When Guillermo fancies a pizza, I use wholemeal pizza base from HausBrot and pile on top natural tomato sauce, sautéed zucchini and a little mozzarella.
I have three main meals a day plus two small snacks, either mid-morning and late afternoon or bizarrely late at night. If I feel hungry late at night, my snack is usually a serving of natural unsweetened yoghurt with a teaspoon of ground black sesame and linseed stirred in.
I know I'm very lucky with this pregnancy that I'm not craving greasy burgers or some such: I felt sick just watching our nieces and nephews tucked into greasy fries and deep fried and bread-crumbed junk, more commonly known as Milanesa last night.
So to feel like a normal being with vices, I tweaked the oatmeal cookie recipe from a couple of weeks' ago...the result is very much loved by "the pregnant husband".
3/4 cups plain flour
1/4 teaspoon salt
1/4 teaspoon baking powder
60ml Wholefood Planet Organic Peanut Butter (chunky)

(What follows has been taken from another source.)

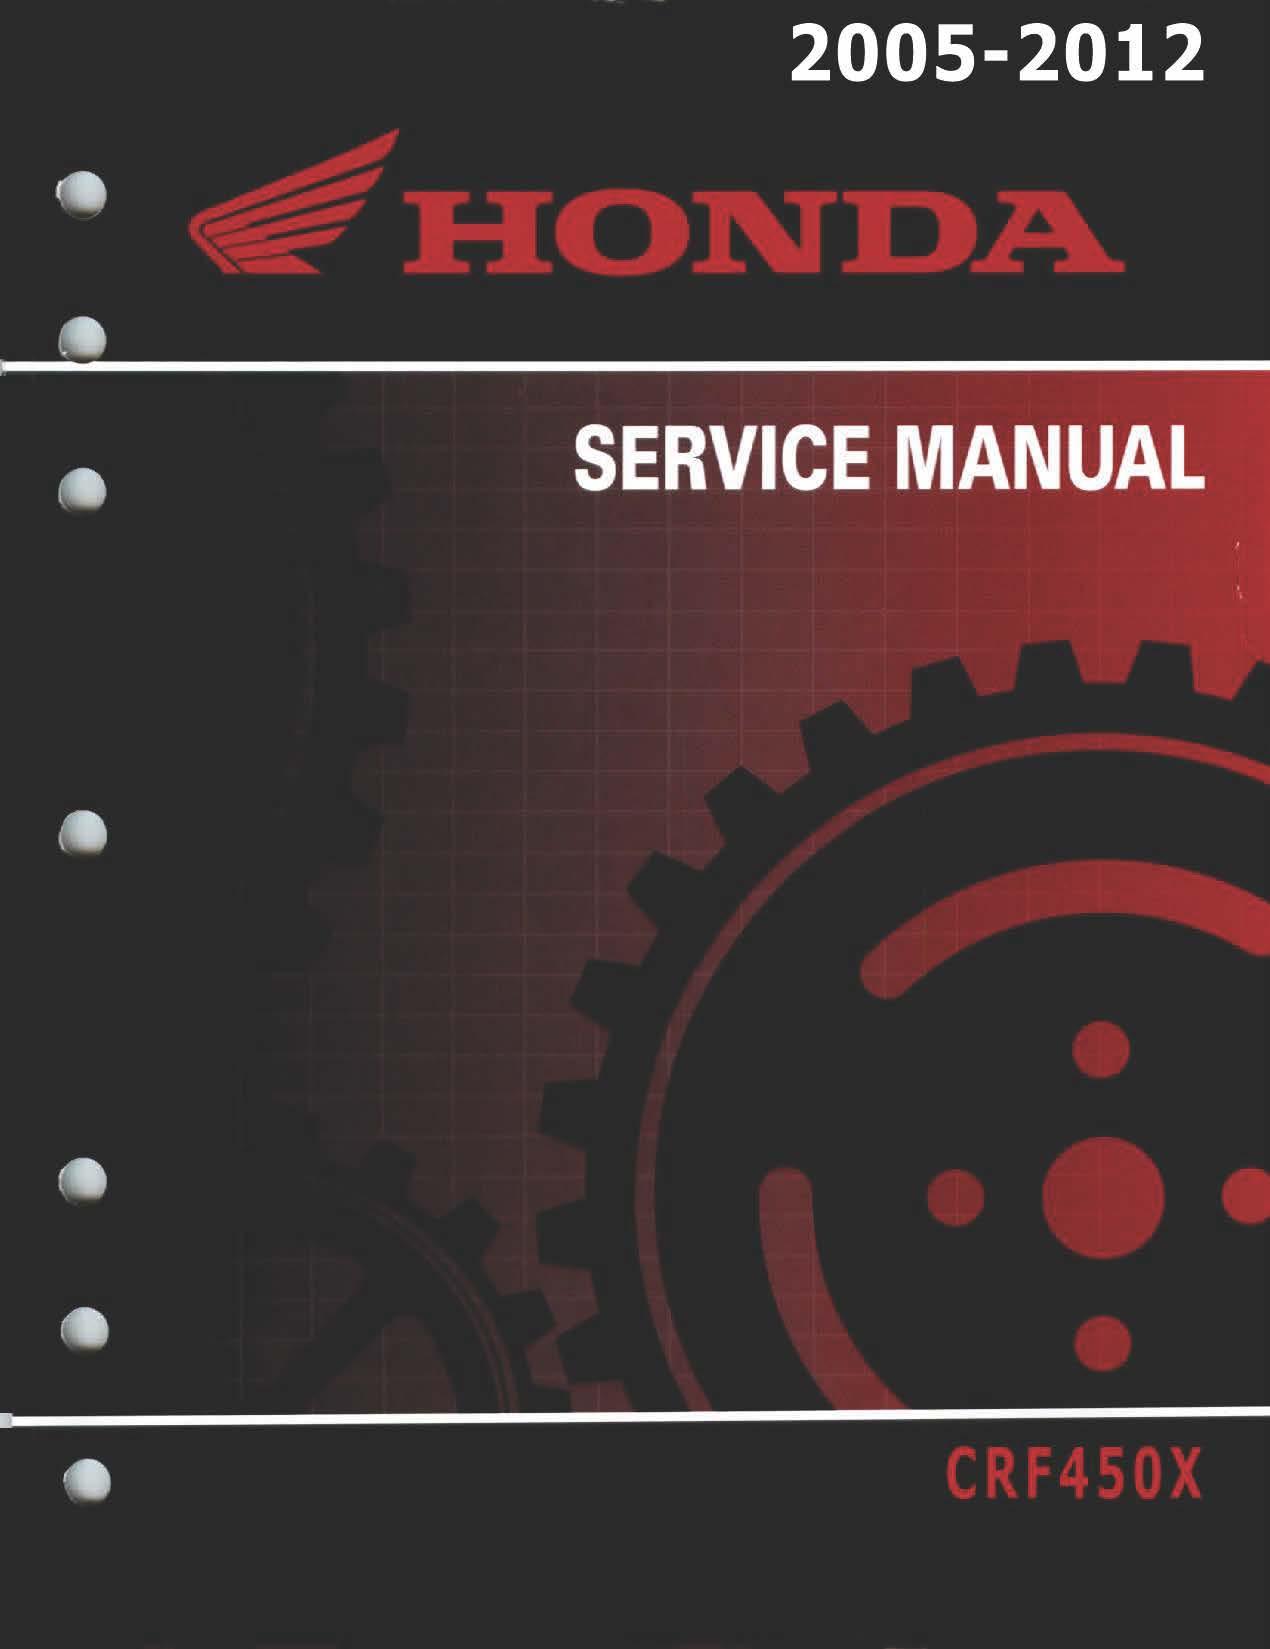 Workshop manual for Honda CRF450X (2005-2012)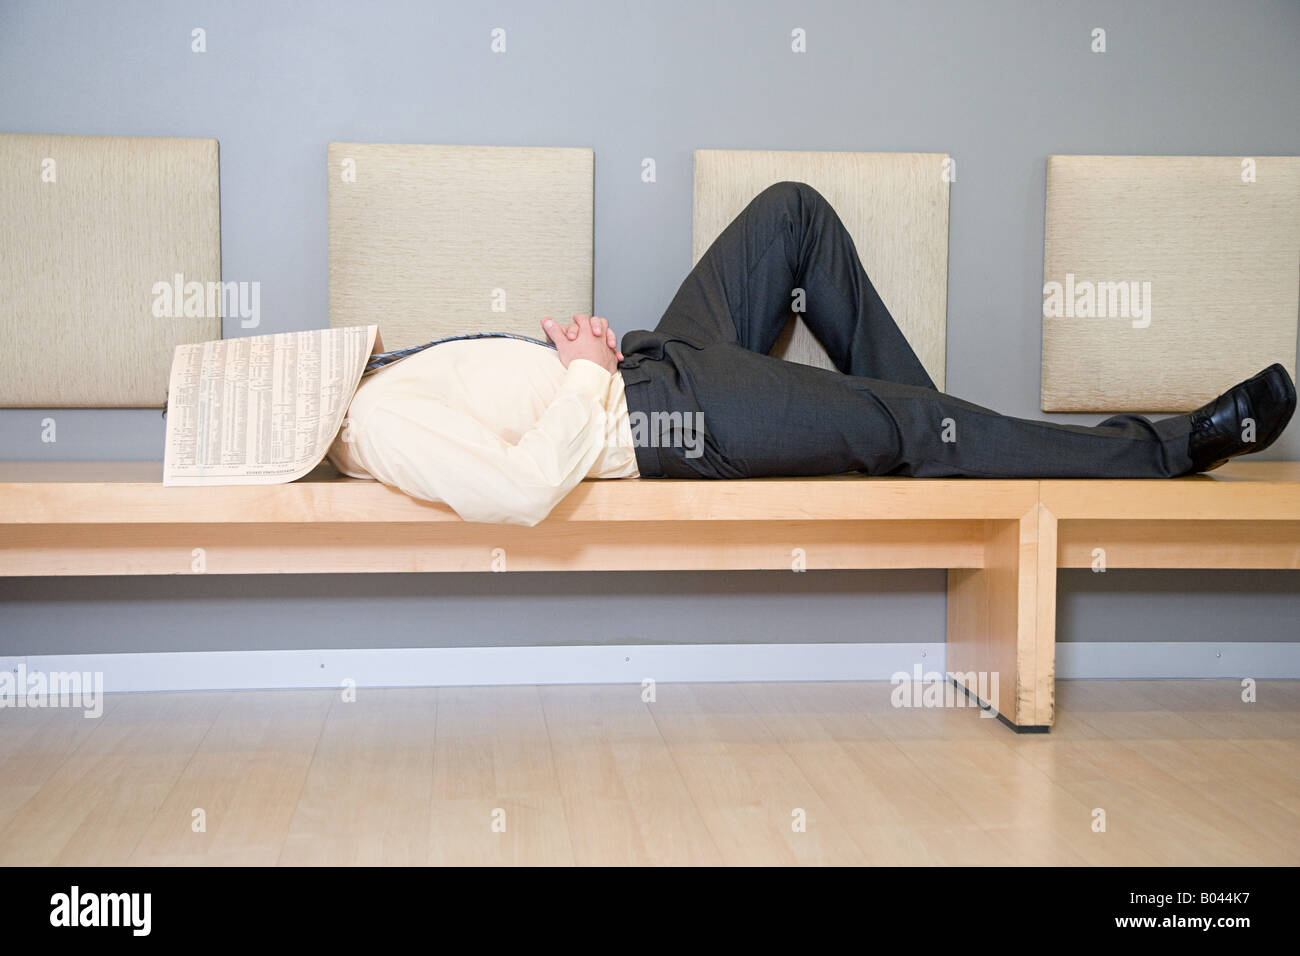 Man sleeping with newspaper over head - Stock Image

60ml tahini (runny consistency)
1/2 cup raw sugar, packed
1/4 cup granulated sugar
1 large eggs
1 cup oats
1/2 cup cocoa nibs
1/4 cup dark chocolate chips (70% cocoa solids at least)
1. Preheat oven to 180C, and line two large baking sheets with parchment paper.
2. Sieve flour, salt and baking powder together in a medium bowl.
3. In a separate bowl, mix together peanut butter, tahini, egg and sugars.
4. Stir dry ingredients into the wet mixture with a large spatula. Stir in oats, cocoa nibs, and chocolate chips.
5. Place dough onto parchment-lined baking sheets in generous spoonfuls, leaving at least 3cm in between. Should the dough be a little dry, add more runny tahini.
6. Bake until cookie edges turn golden brown, 20 min. Slide cookies (on parchment) onto cooling rack. When cooled, store in airtight container.